An increasing number of researchers are speculating that the reason for the failure of so many ALS treatments is because patients in the trials are not separated by genetic cause. These researchers say that the heterogeneity in sample groups, including both ALS1 and sporadic ALS patients, masks the effectiveness of some drugs that only act on specific cases, skewing results away from statistical significance, especially with SOD1 FALS (Beghi et al. 2011). The Cochrane review had similar views on this. This might make sense when looking at the disease mechanism, since only SOD1 ALS1 directly increases ROS concentration by having a lower Km for hydrogen peroxide, which might make it more treatable by antioxidants and free radical scavengers, like edaravone. This will be a focus of ALS research in the twentieth century, though it mainly helps patients with ALS1, who are the minority.
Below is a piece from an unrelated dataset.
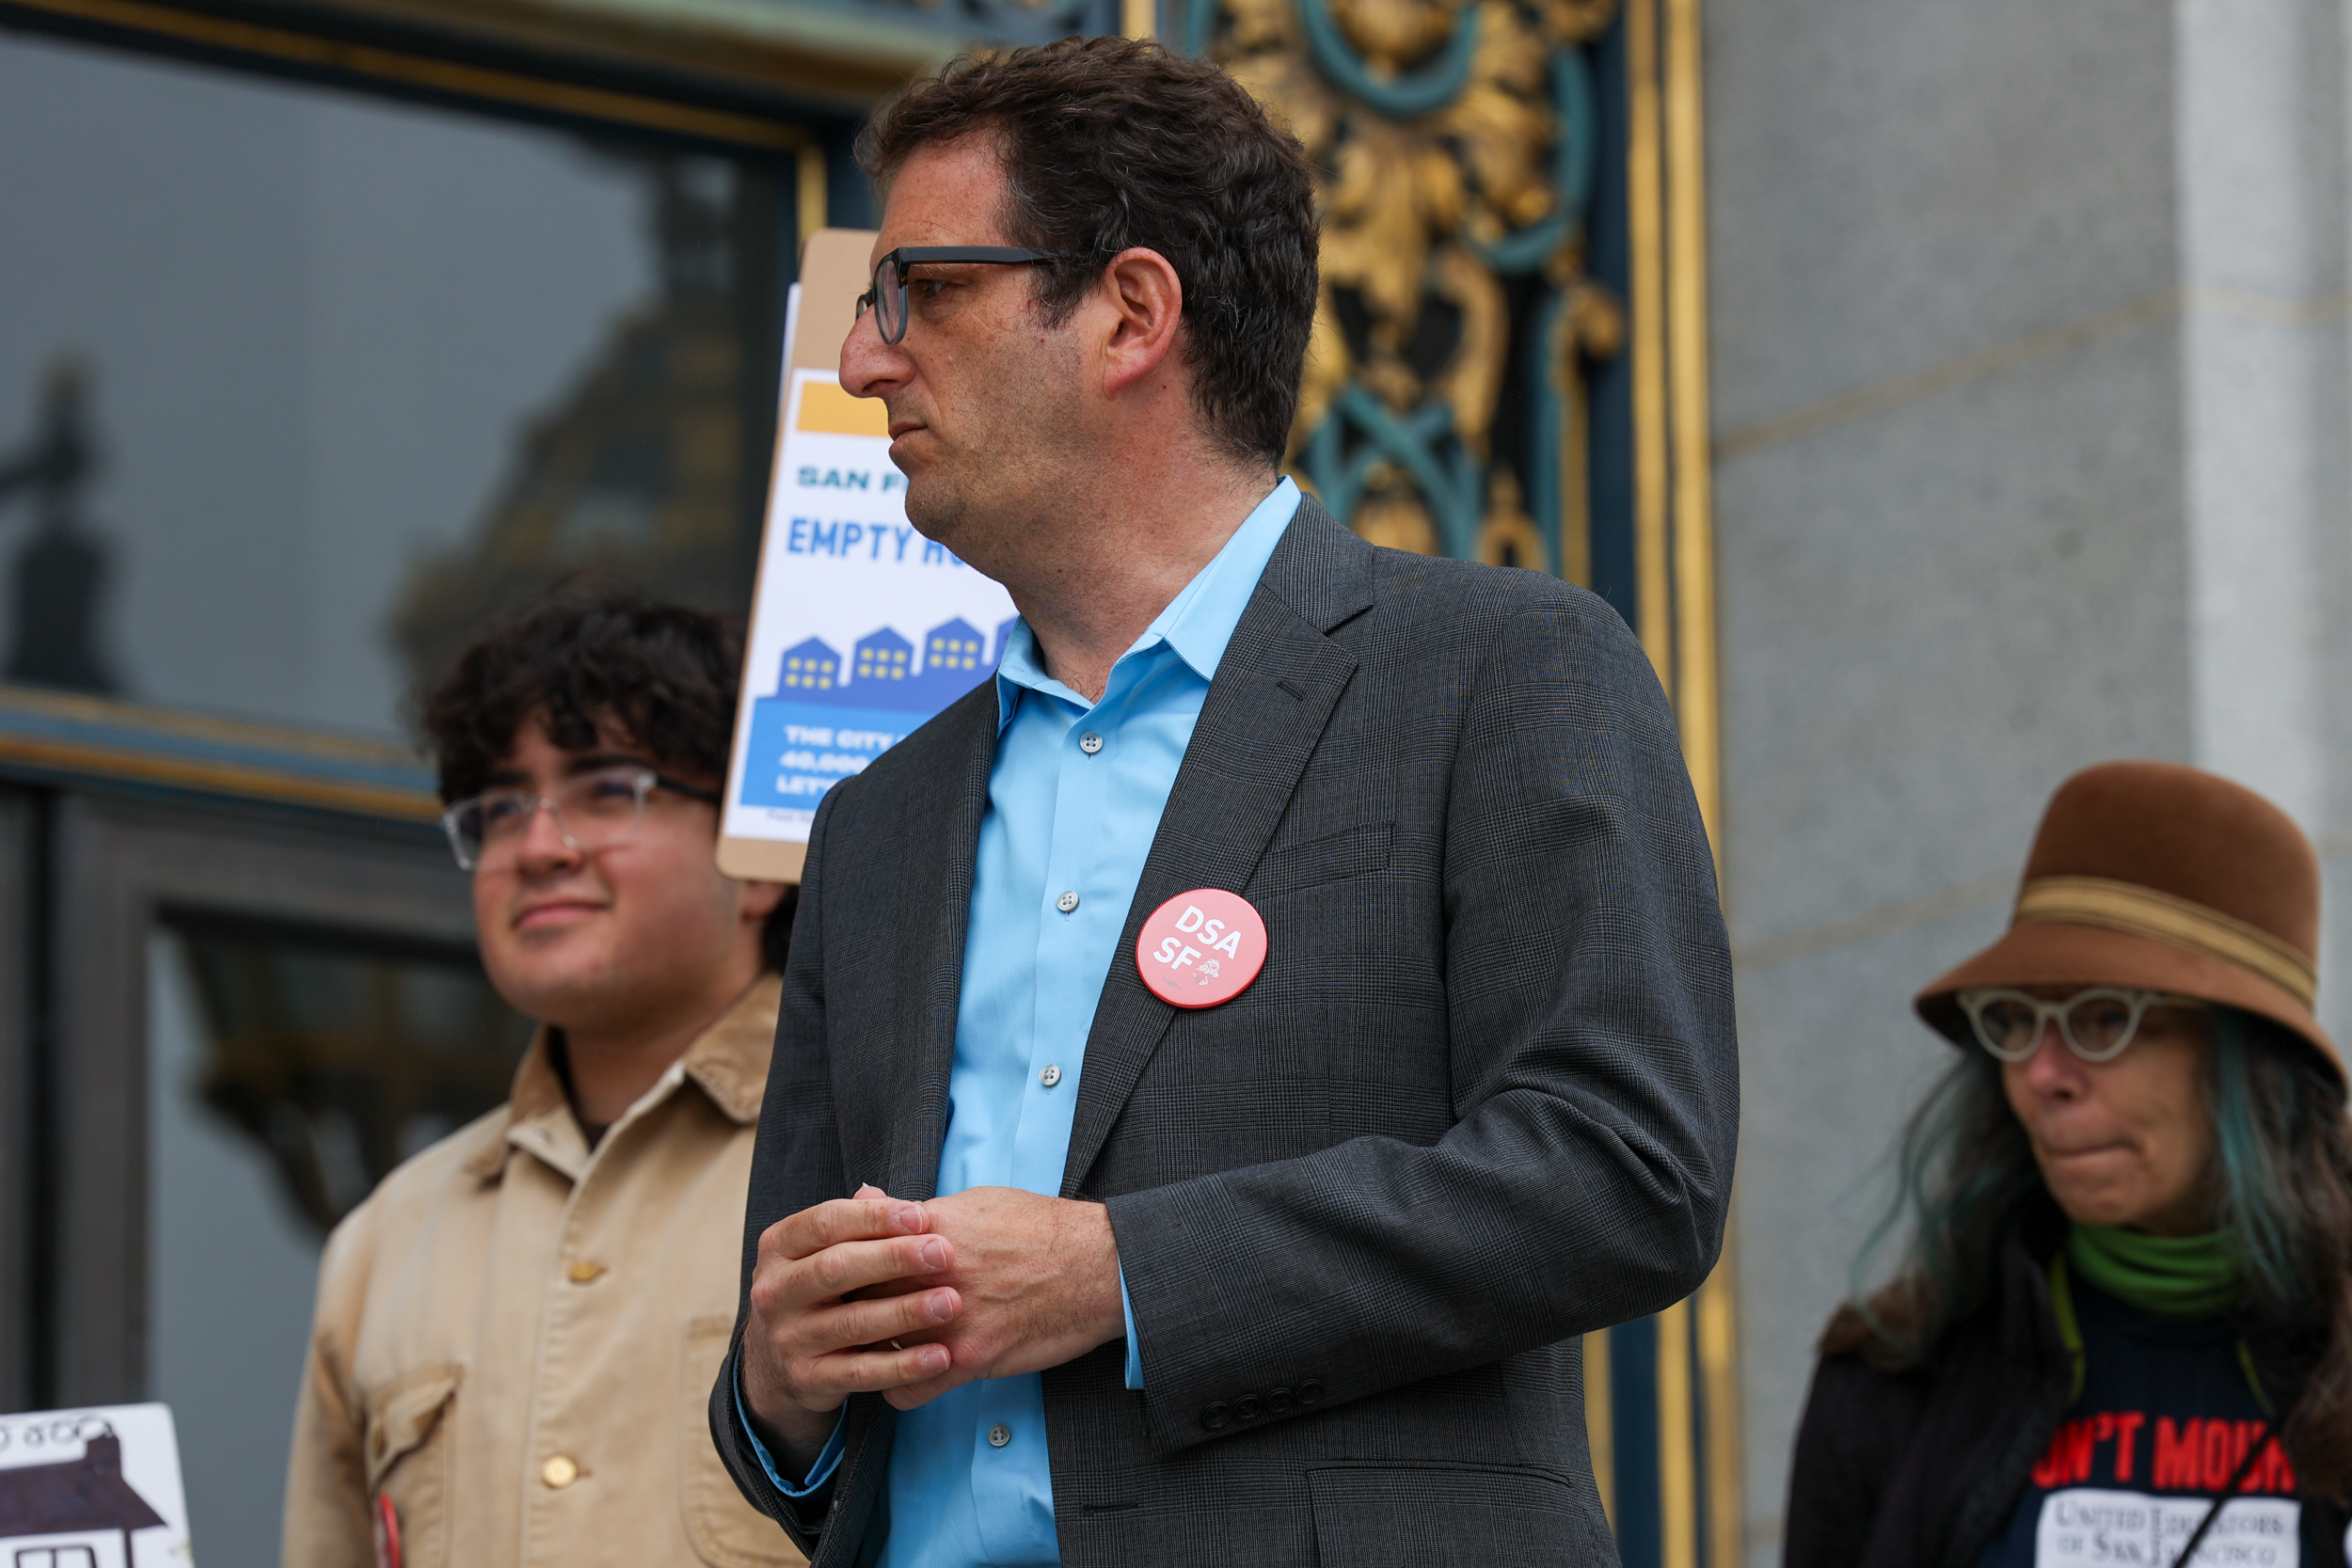 Dean Preston stands in profile with his hands clasped. He is wearing a blue dress shit and gray jacket and standing in front of a younger Latinx person holding a protest sign.

Finally, I will discuss the preliminary and future research in ALS. Keep in mind that a lot of this is speculation, that’s why clinical trials are underway. The big question about ALS is why only motor neurons are affected, since SOD1 is necessarily present in all human cells. Although the high energy needs of neurons create more oxidative stress, which connects to ALS, researchers continue to look into what else is involved and why other high-consuming organs, like the kidney, are not affected. Researchers are looking into related defects in RNA processing, protein recycling, and associated glia and how they contribute to ALS, and for the possibility of a biomarker for different forms of the disease (ALS Fact Sheet 2013).
Less robust evidence has been found for a few other mechanisms of ALS, either adding to or kickstarting the central ROS/amyloid plaques pathway. The ALS Association recognizes four such mechanisms, none of which are specific to FALS or ALS1. Defects in axonal transport may be a mechanism, and it would be most noticed in spinal cord axons since they are so long. Cell death by necrosis or neurodegenerative apoptosis is another, vague mechanism, and this could be facilitated by glia. A third mechanism is overstimulation of the synapse by glutamate, previously mentioned in the context of riluzole. The most compelling mechanism is mitochondrial damage, especially to calcium transport, which is vital for neurons. Changes in motor neuron mitochondria can be observed before any clinical symptoms, which is a strong indicator that ALS begins in the mitochondria (Disease Mechanisms 2020), and which makes sense in the context of SOD1’s disease mechanism. These are the themes that will define ALS research in the mid-twentieth century.